The BEST crunchy, paleo, grain-free granola that is a delicious, versatile topping for your smoothie bowls, on top of yogurt, as breakfast cereal, or by the handful! Filled with walnuts, almonds, pecans, and coconut, you definitely won’t be missing the oats in this homemade granola recipe.
I can’t believe it’s been so long since we’ve last had a grain-free granola recipe around here! This recipe was inspired by this chocolate almond joy granola that was among the first recipes posted on my blog! While I love that version (and now that I’m talking about it….I seriously need to make it again soon!), I was wanting a recipe that is the perfect, versatile topping for fruit smoothie bowls and yogurt. I already have a versatile granola recipe using oats, but hadn’t made a grain-free version yet. So this recipe is a mash-up of these two recipes!
If you haven’t tried grain-free granolas yet, you are missing out! I have absolutely nothing against granolas using oats (as evidenced by here and here). BUT I adore the taste and texture of granolas made up 100% of using nuts and coconut as the base!
Ingredients and Substitution Ideas
The base of this grain-free recipe is made up of:
- Walnuts
- Pecans
- Almonds
- Coconut flakes (shredded + unsweetened)
As long as you follow the basic amounts/ratios for this recipe, feel free to mix and match the nuts used based on your preferences and what you have on hand! I used a mixture of walnuts, pecans, and almonds…but I also think cashews would be delicious in this granola. The coconut is delicious once toasted, and it adds to a great texture and taste!
The wet ingredients to bind everything and create an irresistibly crunchy, deliciously addictive granola:
- Almond butter
- Maple syrup
- Coconut oil
Any nut butter would work! If not using almond, I’d recommend using cashew or Sunbutter (sunflower seed butter). However, if peanut butter is all you have, you can use that too! I much prefer using maple syrup in granola as it doesn’t seem to burn as honey tends to do. You can use any type of oil in this granola! Canola, vegetable, or try melted butter.
Serving Suggestions
I love using this recipe as a topping for smoothie bowls or with fresh fruit and Greek yogurt for a quick and easy weekday breakfast!

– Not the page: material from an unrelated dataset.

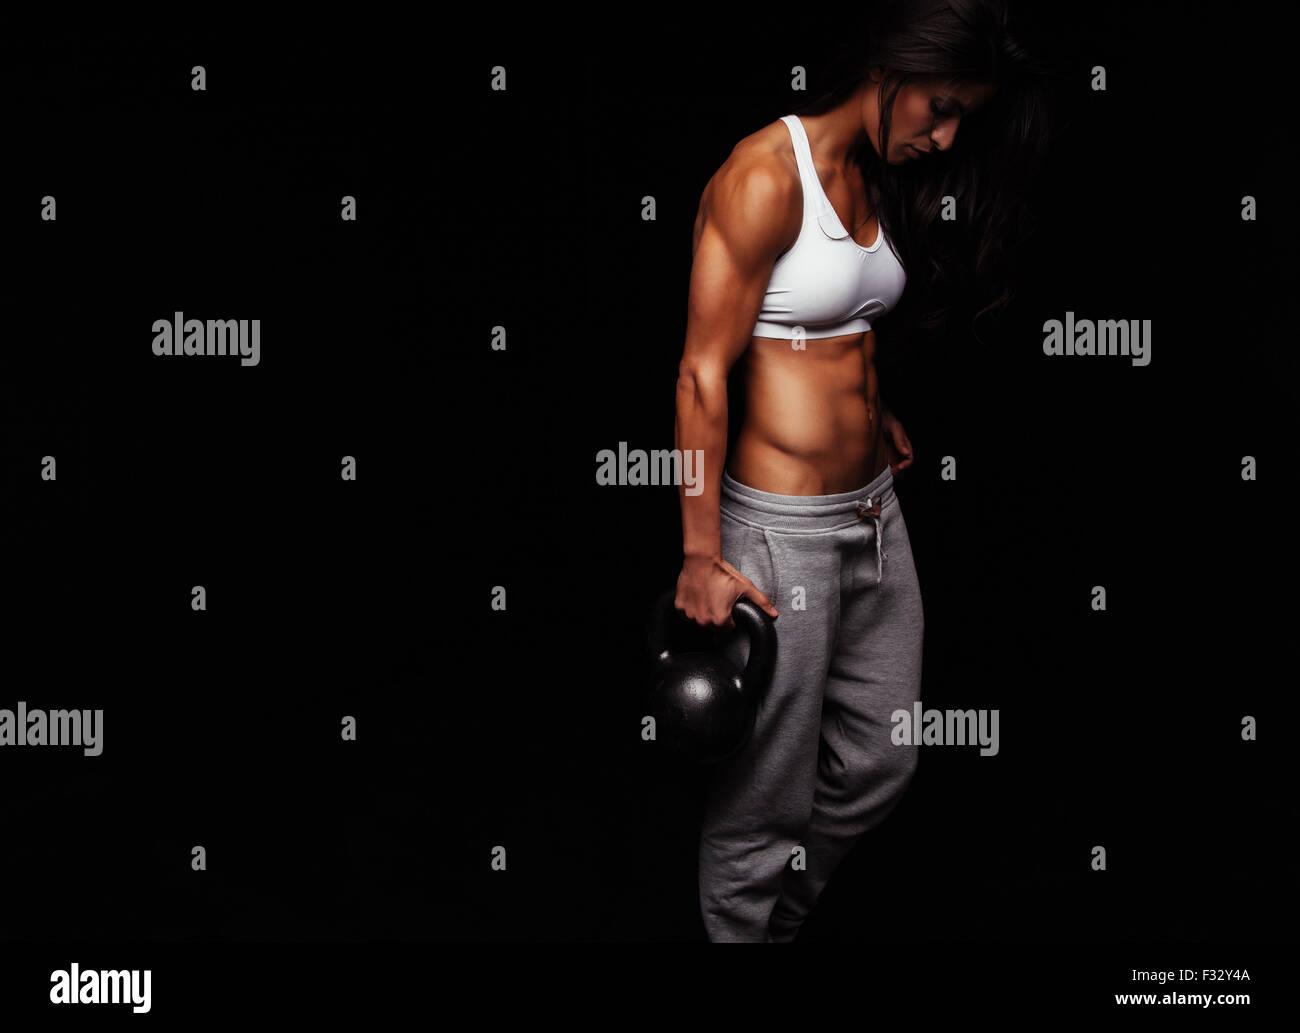 Mujer muscular haciendo ejercicio crossfit. Fitness resistente modelo femenino con hervidor bell sobre fondo negro. Imagen De Stock

It lasts for many weeks at room temperature, and it’s also freezer-friendly for longer storage for a couple months.
I chose to not add dried fruit or many add-ins to this recipe, but this would be a perfect recipe to add raisins, dried apple, chopped dates, apricots, dried peaches, prunes, etc. etc. to this recipe!
- 2 cups walnuts, chopped
- 1 cup pecans, chopped
- 1 cup sliced almonds
- 1 ½ cups unsweetened shredded coconut flakes
- 1 teaspoon cinnamon
- ½ teaspoon salt
- 1 teaspoon vanilla extract
- ¼ cup almond butter
- ¼ cup maple syrup
- 2 tablespoons coconut oil, melted
- Preheat oven to 325 degrees F. Line baking sheet with parchment paper or silicone nonstick baking mat and set aside.
- In a large bowl, mix all ingredients together until combined.
- Bake at 325 degrees for about 35-45 minutes or until golden brown, stirring and checking every 10 minutes.
- Note every oven is different, so please check often as your granola may not take as long! Granola will also continue to harden and crisp as it cools.